■ Your goal ■
What is needed is an exact copy of the whole listing below, with no pictures.
Supplied data Start Marker
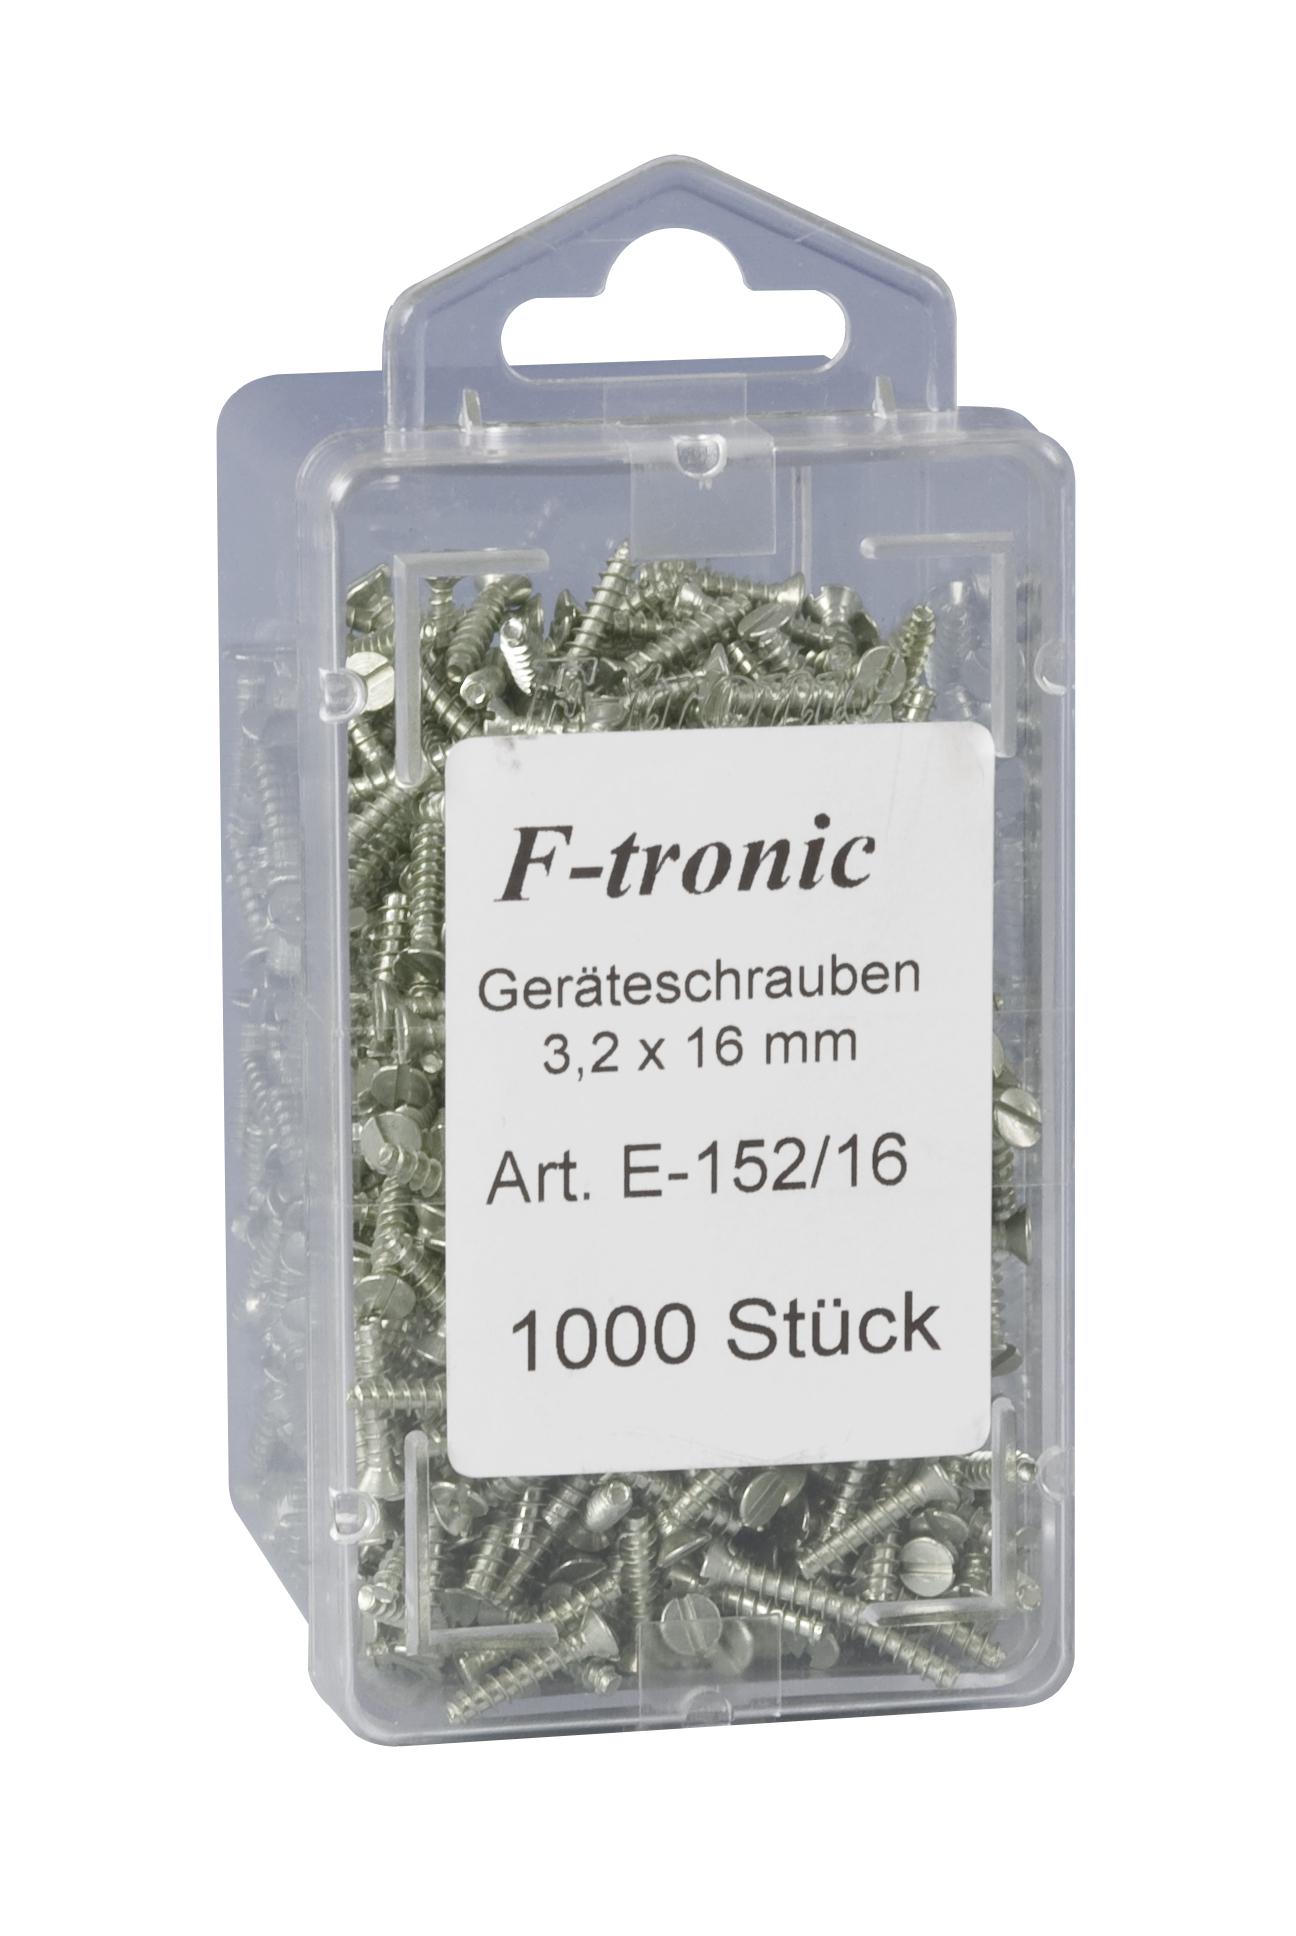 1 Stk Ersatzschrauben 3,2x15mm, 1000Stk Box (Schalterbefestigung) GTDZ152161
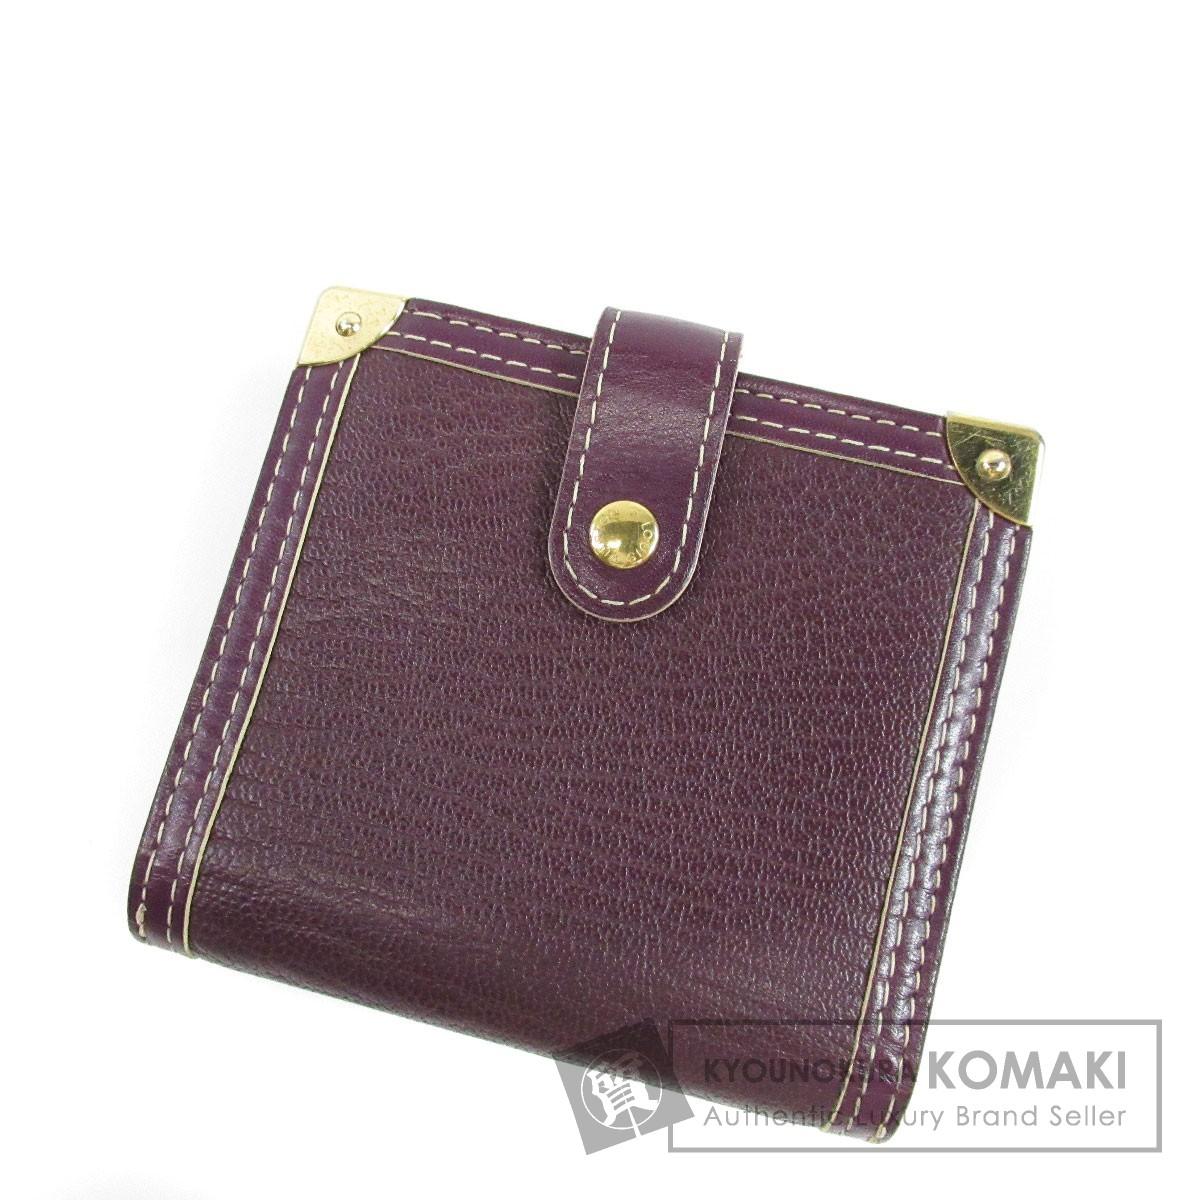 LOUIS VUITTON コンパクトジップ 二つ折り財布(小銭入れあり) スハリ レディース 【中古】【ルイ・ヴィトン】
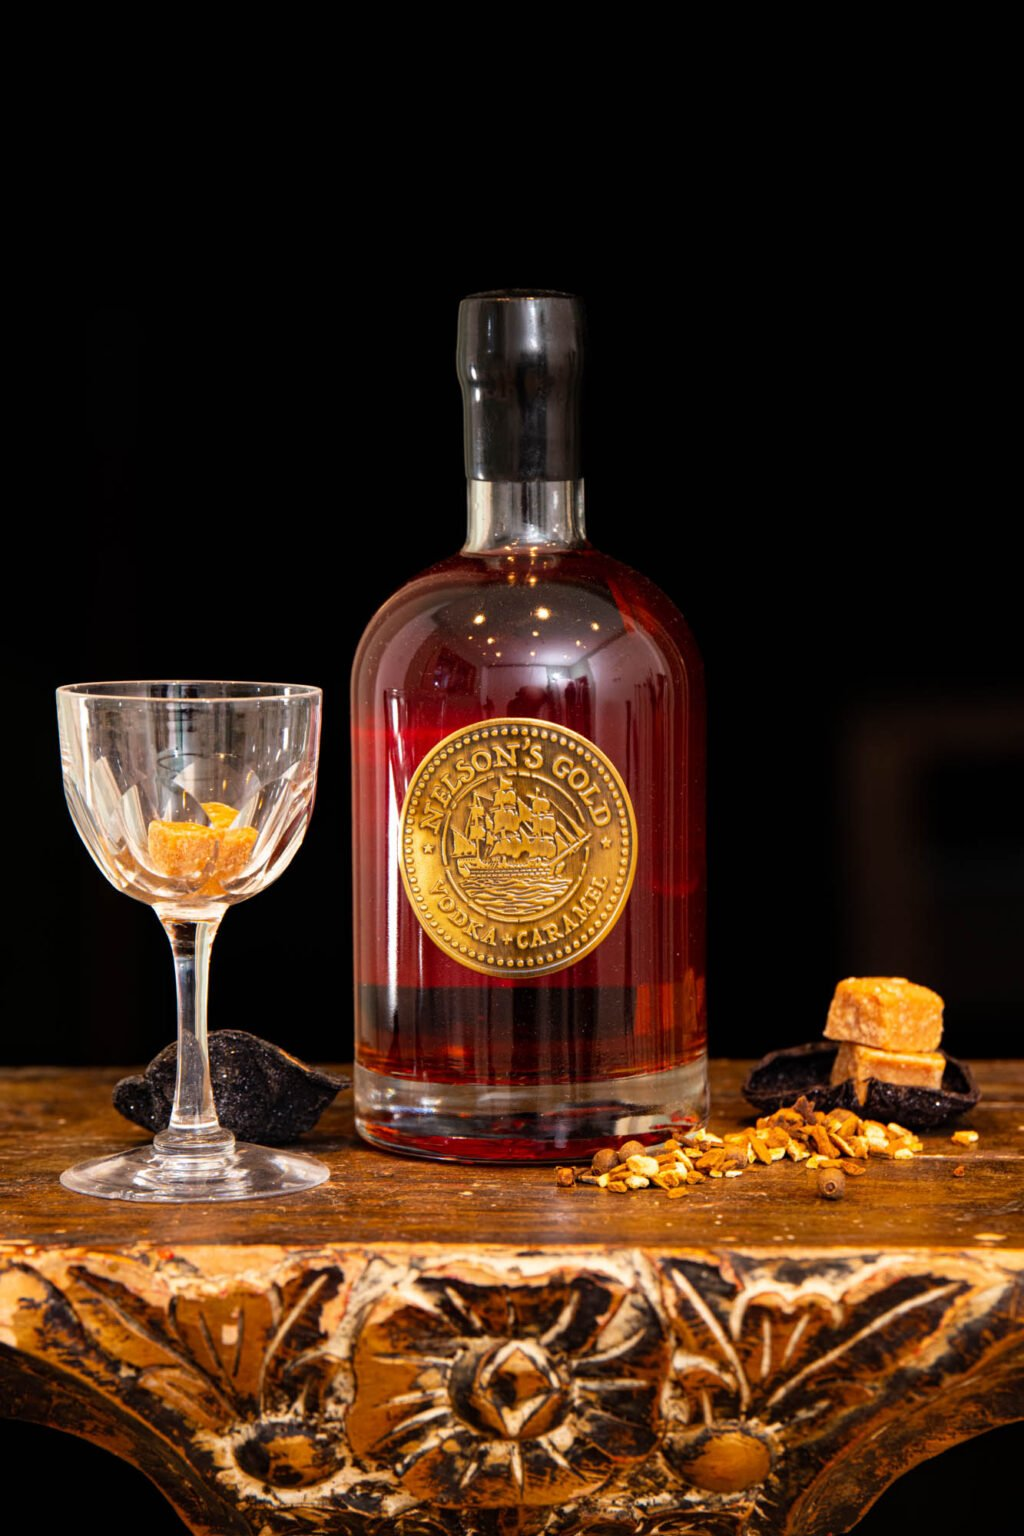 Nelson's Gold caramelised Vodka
Supplied data End Marker
■ Worked solution ■
 1 Stk Ersatzschrauben 3,2x15mm, 1000Stk Box (Schalterbefestigung) GTDZ152161
 LOUIS VUITTON コンパクトジップ 二つ折り財布(小銭入れあり) スハリ レディース 【中古】【ルイ・ヴィトン】
 Nelson's Gold caramelised Vodka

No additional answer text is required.